From the context of bird surveys (how many breeding bird territories overlap a circular sampling area), is there a more suitable distribution to use, rather than poisson?
In this case, a poisson distribution is commonly used to describe the distribution of counts over various sampling points.
My issue is that poisson represents counts of spatial points (which zero area/volume). When doing bird surveys, territories are hexagon shaped (for the sake of simplicity). The area of these hexagons provide a ceiling which is not present in a poisson distribution (the right hand tail of the poisson can represent theoretically impossible values).
In my mind, a better suited distribution would be derived from a spatial map of adjacent hexagons, and while randomly placing circles on this space (representing observers), the Probability Density Function would represent the distribution of the number of hexagons which overlaps each of the randomly placed observer circles. The relative size of the hexagons vs the size of observer sampling area would describe the mean of this distribution.

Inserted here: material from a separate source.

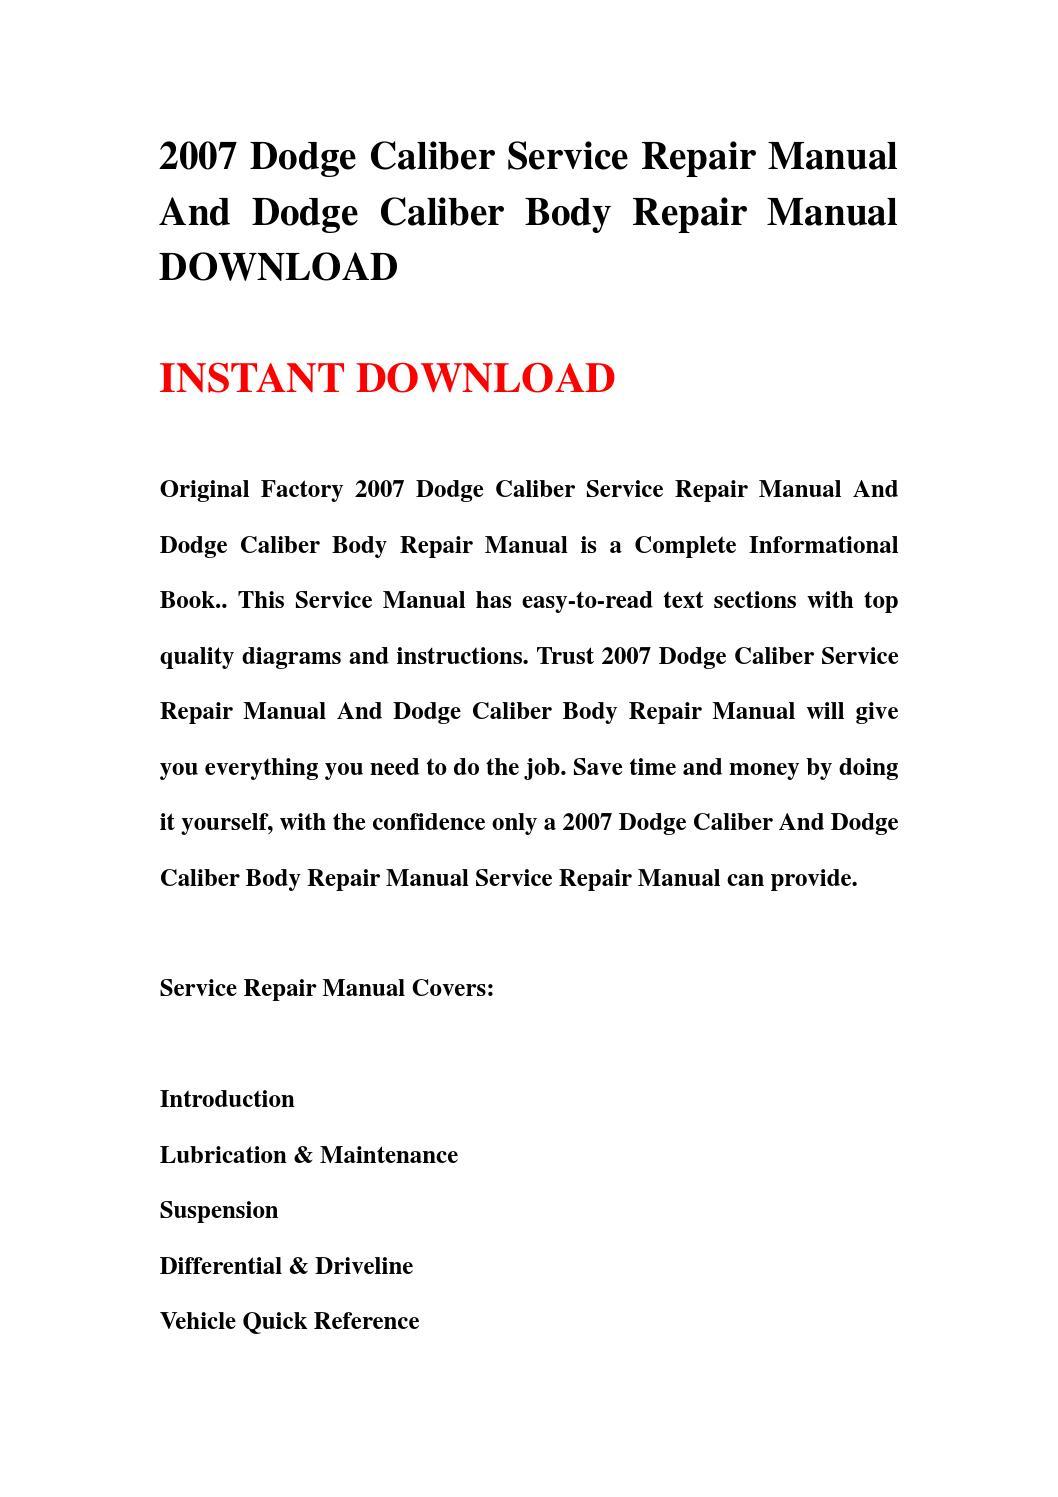 2007 dodge caliber horn wiring diagram teeth with numbers and names service repair manual

Any thoughts preexisting probability density functions which may address this need? In my mind (which is somewhat uninformed about statistics), if this would be combined with a binomial distribution which represents the occupancy of the said territories, this would be a more suitable tool for species distribution modelling.
Indeed, it seems that perhaps I should move this onto the math forum, as there seems to be closely related questions on there, as I'm more interested in the proof of the distribution rather than the practical aspects of calculating how well alternate distributions fit this situation. I'm thinking that there are no commonly used distributions for this purpose, and I'll have to write my own probability density function based on geometry proofs.